Deriving Coastal Sea Surface Current by Integrating a Tide Model and Hourly Ocean Color Satellite Data

Sea surface currents (SSC) play a pivotal role in material transport, energy exchange, and ecosystem dynamics in coastal marine environments. While traditional methods to obtain wide-range SSC, such as satellite altimetry, often struggle with limited performance in coastal regions due to waveform contamination, deriving SSC from sequential ocean color data using the Maximum Cross Correlation (MCC) has emerged as a promising approach. In this study, an enhanced MCC method called the Tide-Restricted Maximum Cross Correlation (TRMCC) is proposed and implemented on hourly ocean color data obtained from the Geostationary Ocean Color Imager II (GOCI-II) to derive SSC in coastal seas and turbid estuaries.

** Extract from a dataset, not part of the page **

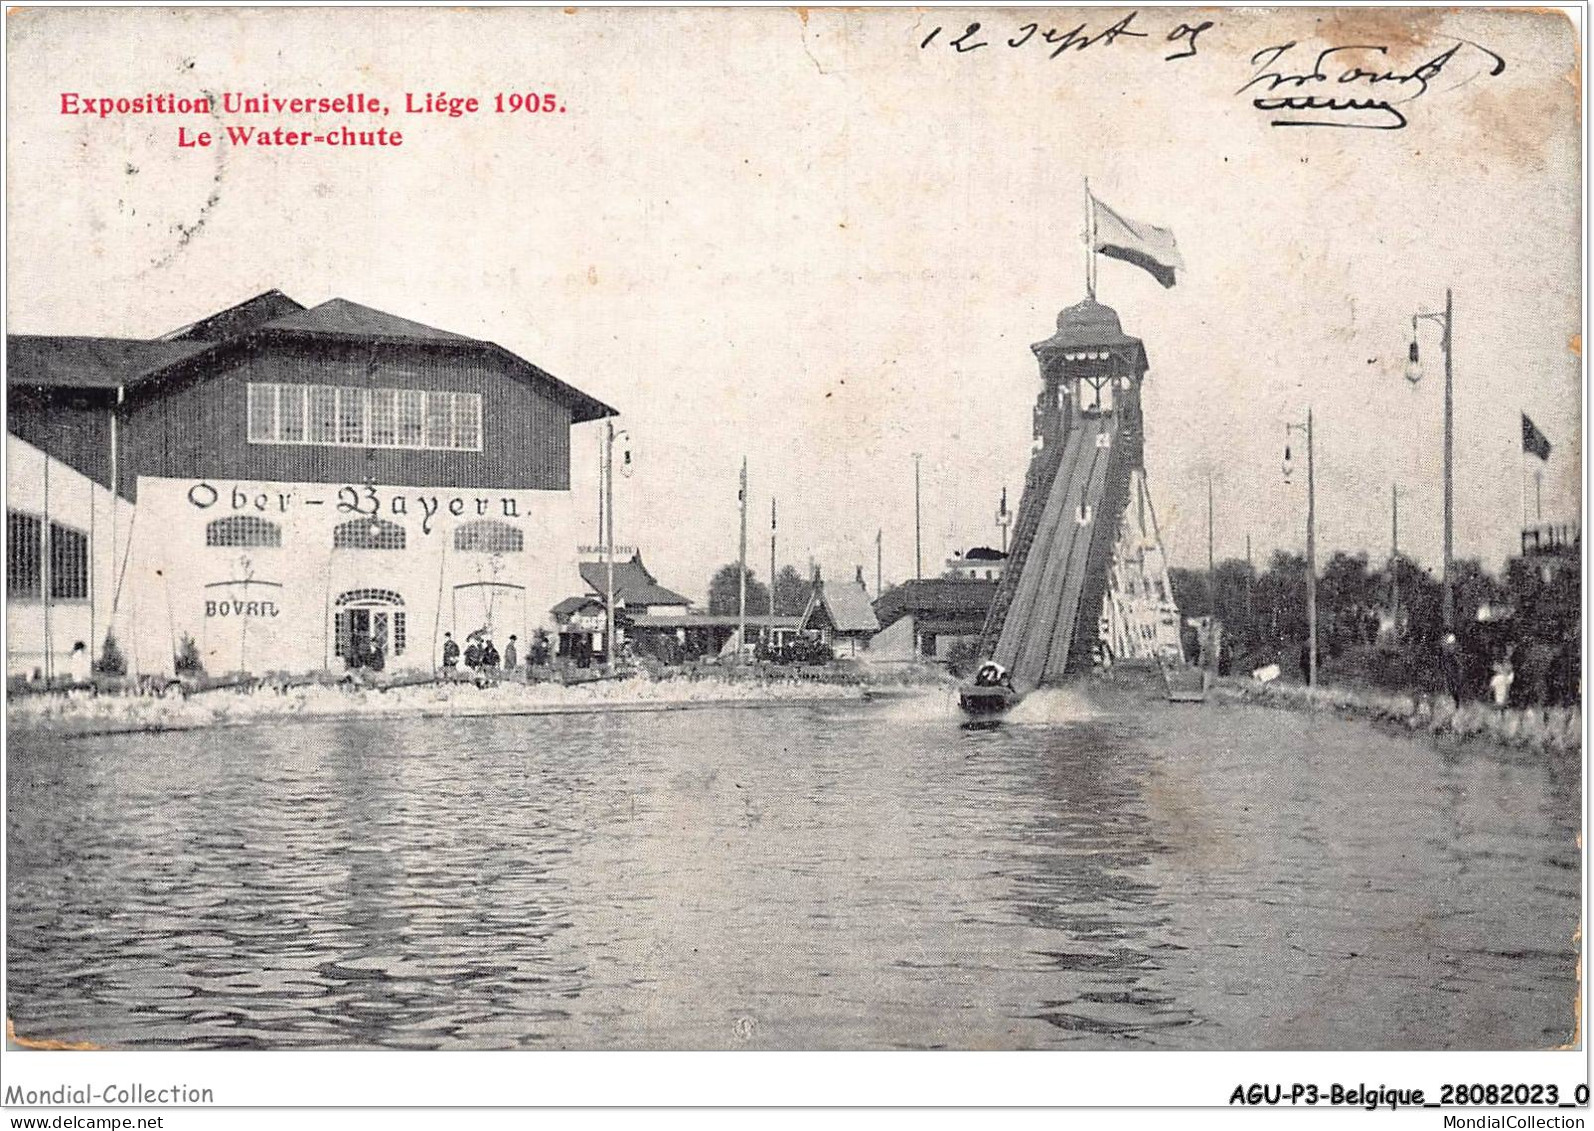 AGUP3-0144-BELGIQUE - Exposition Universelle - LIEGE 1905 - Le Water-chute - Luik

Cross-comparison over three years with buoy data, high-frequency radar, and numerical model products shows that the TRMCC is capable of obtaining high-resolution SSC with good accuracy in coastal and estuarine areas. Both large-scale ocean circulation patterns in seas and fine-scale surface current structures in estuaries can be effectively captured. The deriving accuracy, especially in coastal and estuarine areas, can be significantly improved by integrating tidal current data into the MCC workflow, and the influence of invalid data can be minimized by using a flexible reference window size and the Normalized Cross-Correlation in the Fourier Domain technique. Seasonal SSC structure in Bohai Sea and diurnal SSC variation in the Yangtze River Estuary were depicted via satellite method for the first time. Our study highlights the vast potential of the TRMCC to be able to improve understanding of current dynamics in complex coastal regions.